McCain agrees to debate. Now I think this is a smooth move. His position now is he made the gesture to suspend his campaign and cancel the debate for the good of the country. Obama didn't make that sacrifice. McCain went to Washington and stood up to the socialist forces of Bush and Democrats, showing real leadership in making an alternative proposal feasible. Obama didn't. Then McCain was still able to make the debate. I think McCain looked quite a bit like a leader in this situation while Obama looked like a typical politician. If McCain does well at the debate tonight, he's going to leave Obama looking second rate all the way around.

The Washington Post runs a great article describing how this huge bailout proposal has created market value for Cato scholars espousing libertarian ideals. This is nice portrait of Cato.

In 1997, Cato describes how Fannie Mae and Freddie Mac, because they are government protected organizations, were putting the entire financial market and therefore taxpayers at risk. It also describes the role of the Community Reinvestment Act. This stuff isn't rocket science, and this collapse was anything but unexpected.

Author explains that Wall Street as we knew it no longer exists. He also explains that trying to blame this crisis on deregulation is absurd, his word and mine.

Cato scholar highlights how often politicians appear to be surprised by the obvious, and he lists numerous examples from the US and abroad. Very entertaining and humorous, but he ends seriously when he explains why this happens and calls for criminal prosecution for them. The cure for this problem is severely limited government.

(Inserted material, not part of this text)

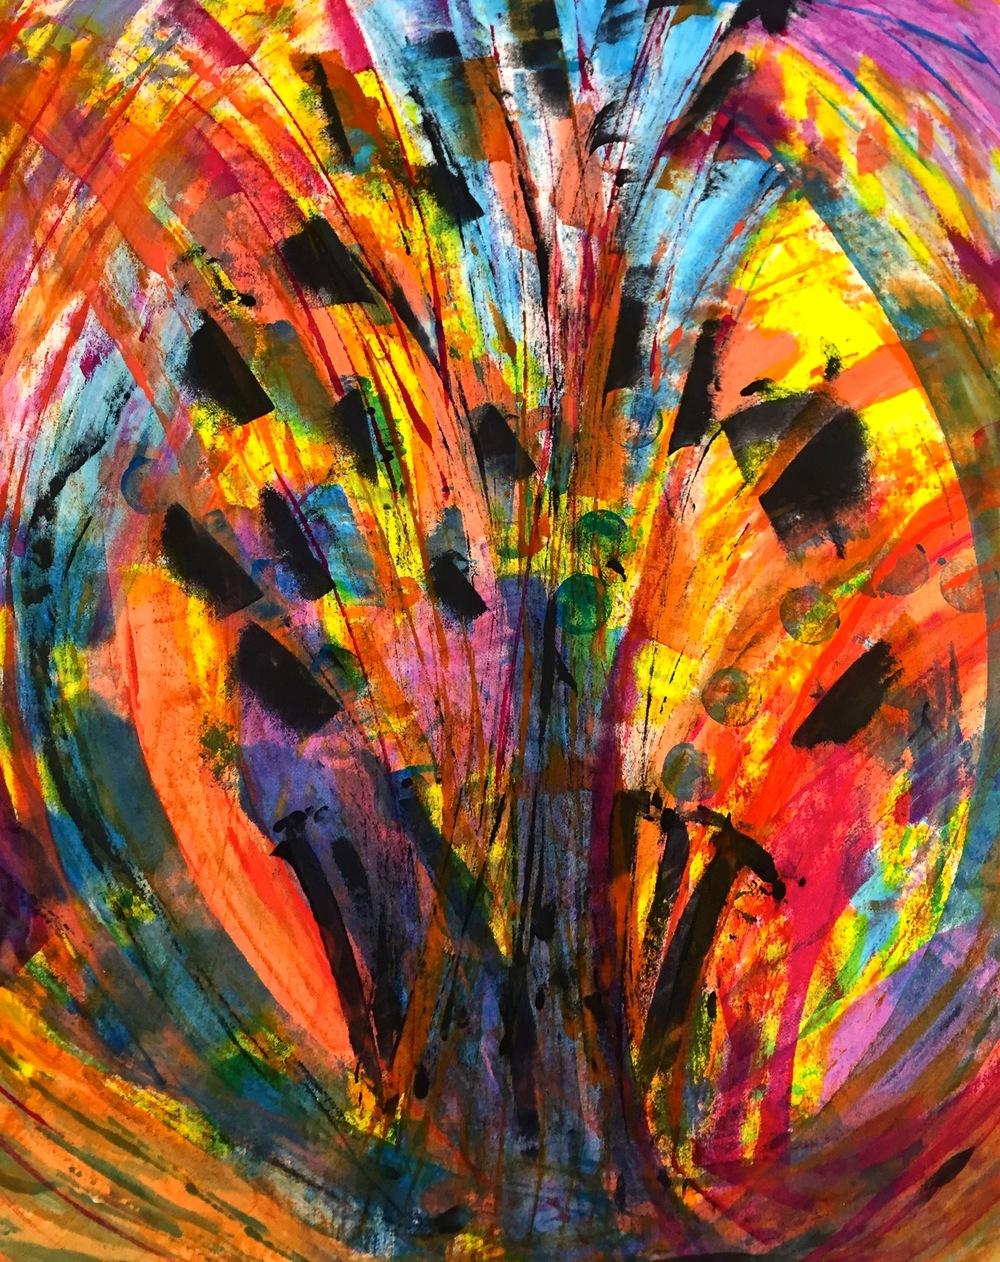 Toni's Abstract -.jpg

Links to many Cato articles on the financial crisis. I could have used that last week.

Cato recommends privatizing NASA, pointing out that NASA is making space flight more expensive instead of cheaper.

Insight into the process of negotiating the biggest socialist program in history.

Reason asks a number of free market economists the same 3 questions about the current economic crisis. I wish they had asked for alternative solutions.